Another key component is the Modus Test Solution. In general, the Modus solution is used to generate the scan test for manufacturing test. But automotive requirements mean that SoCs need to be able to run self test on the various blocks, at power up for sure, but also as frequently as several times per second. The Modus solution can be used to construct appropriate scan chains and compress the self-test vectors.

Tensilica tools and IP are ASIL-B ready. Work is going on on a portfolio of automotive IP to get it ASIL-B ready by the end of the year ( MIPI controller and PHY, LPDDR4 controller and PHY, PCIe, automotive Ethernet, and more).

Cadence has set up an ISO 9001 design center to support customers doing safety critical automotive designs.

Automotive Functional Safety Verification Solution

Safety verification is basically simple. A fault is inserted into the design, some verification is run, and the behavior of the system is classified into:

• The fault was noticed, or had no effect, and the system corrected for it and behaved normally. Example: correcting a single bit error on a memory (known as detected safe)
• The fault was noticed and the system dropped back into some safe mode. Example: the airbag was going to deploy accidentally so the airbag controller was shut down and a warning light displayed on the dashboard (known as detected dangerous)
• The fault caused something bad to happen (know as undetected dangerous; this is obviously not good)

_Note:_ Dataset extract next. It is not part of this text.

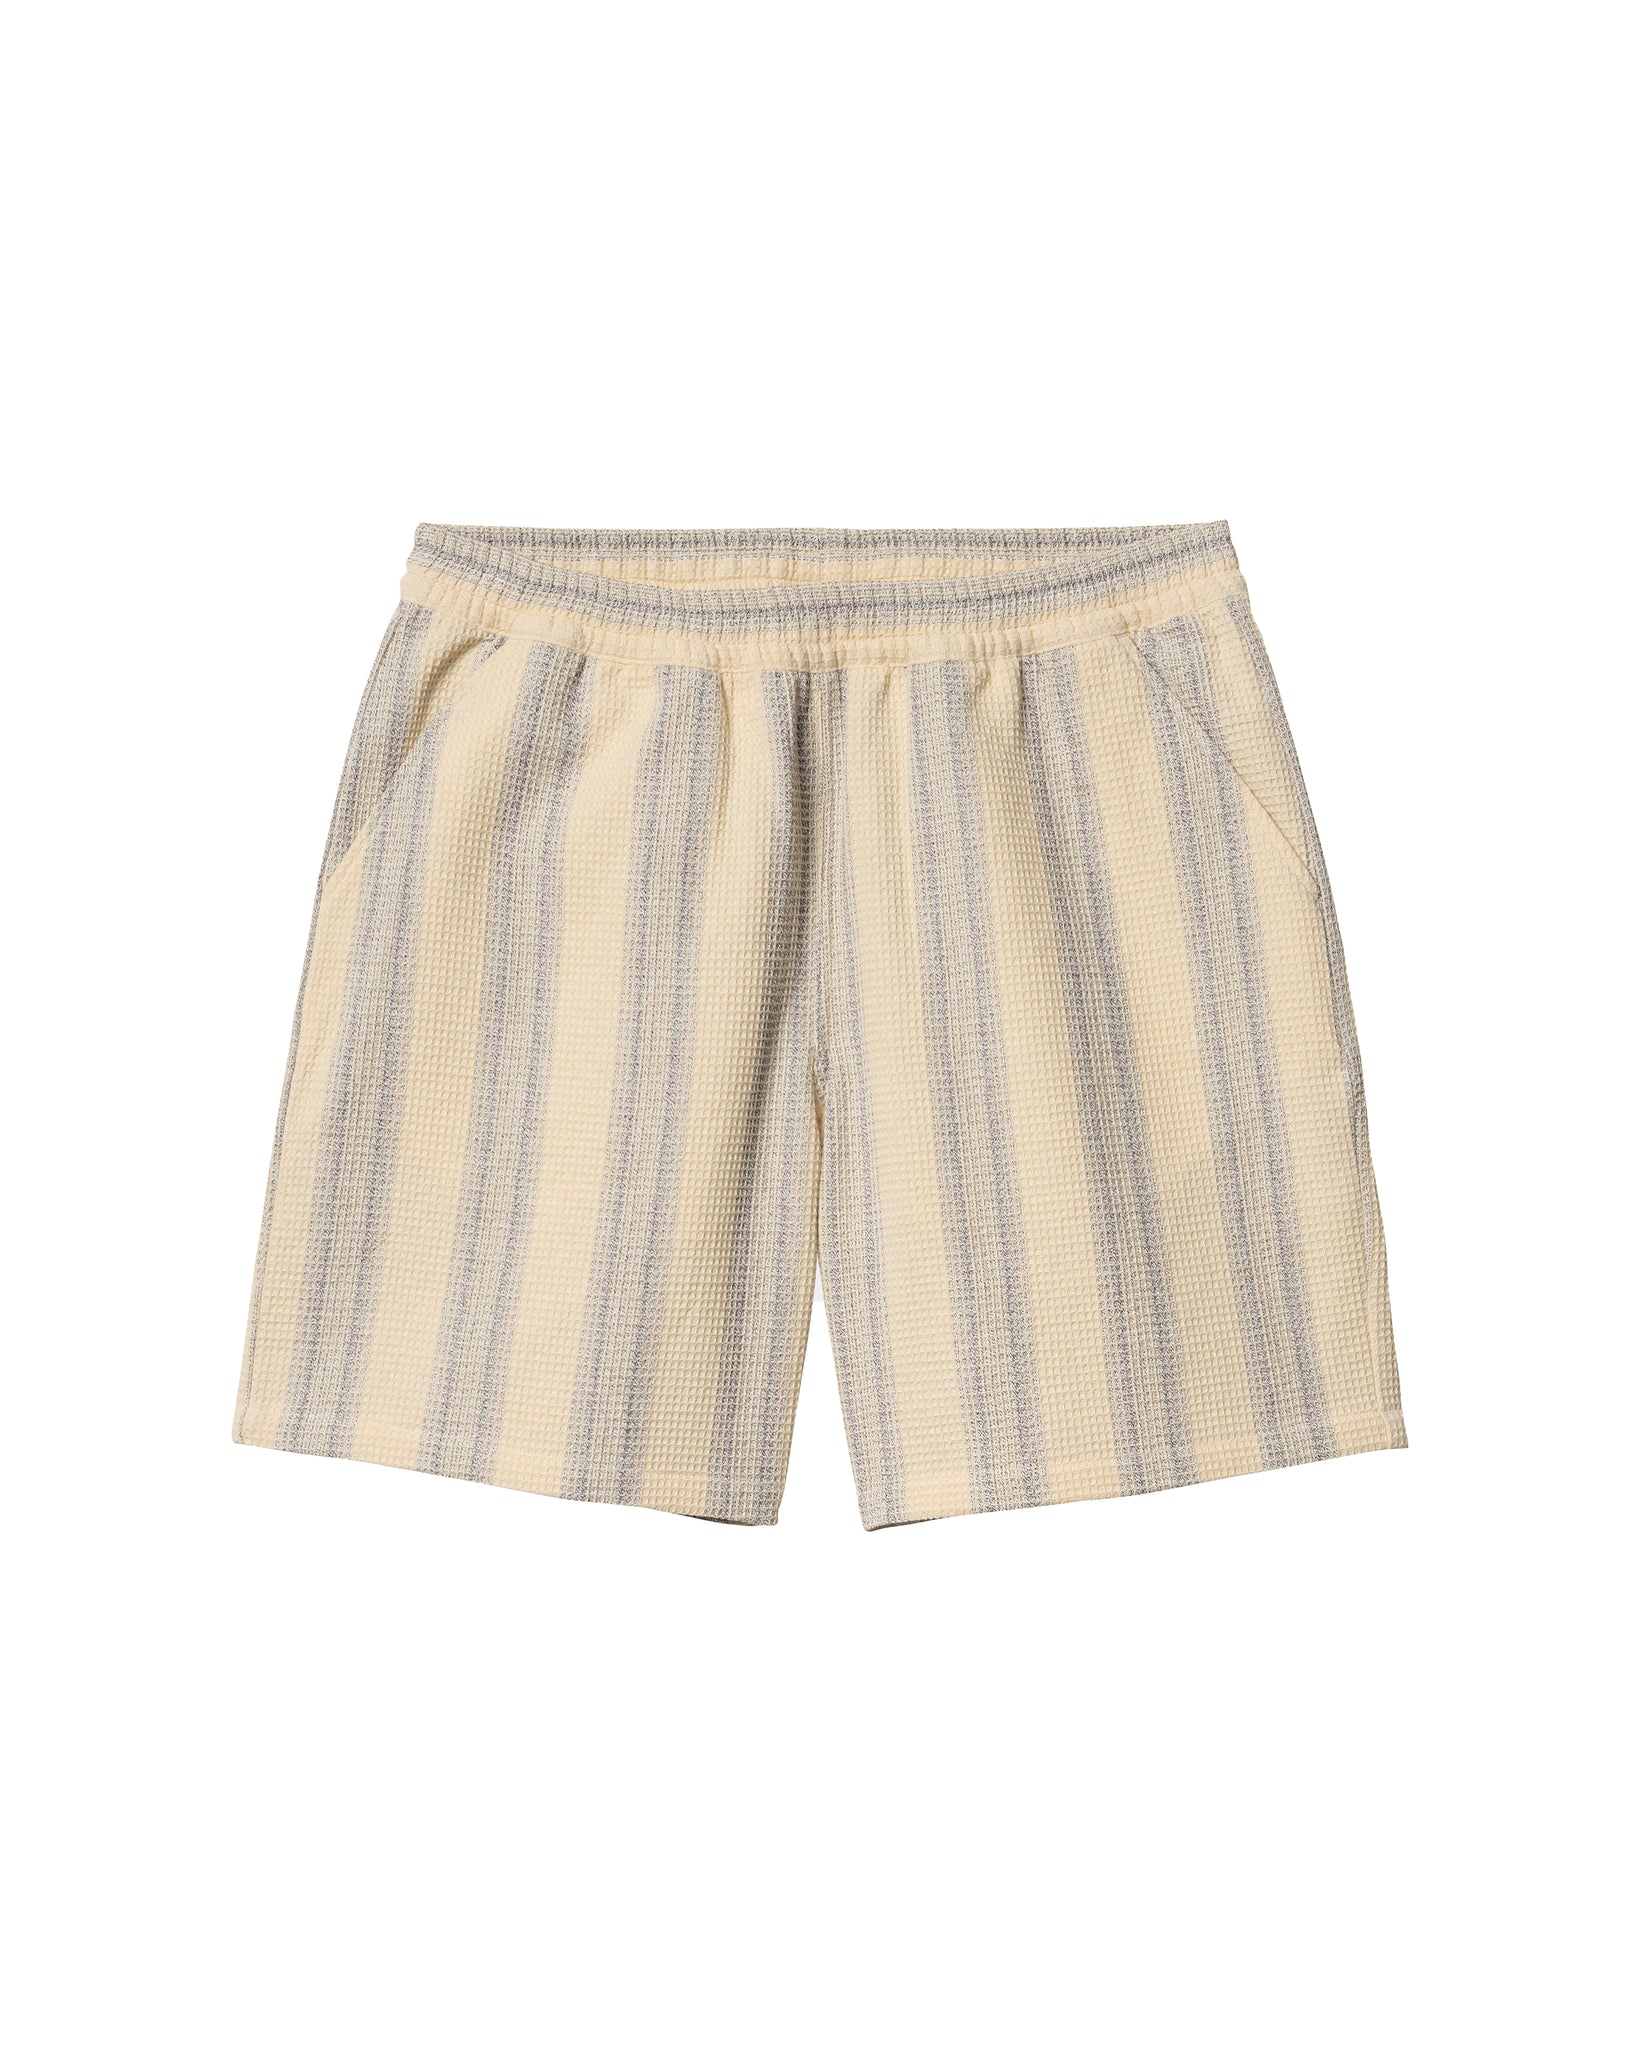 Shorts Dodson - Dodson Stripe/Natural

However, that basic structure hides a plethora of important details: coming up with the list of faults, running them efficiently, creating summary and detailed reports, reducing the huge amount of data to simple metrics such as FIT numbers. The above diagram shows how it all fits together, with the fault list, the fault results database, and more.

For fault classification, there are two approaches. Functional Safety Simulation can be used for short tests and regressions. Palladium emulation can be used for full-chip and for software analysis. Increasingly, there are some formal approaches that can be used with the JasperGold Formal Platform. Although formal techniques are not always applicable, they are very strong when they are, since they prove safety in a way that is harder with simulation since you never know if you forgot to simulate something important.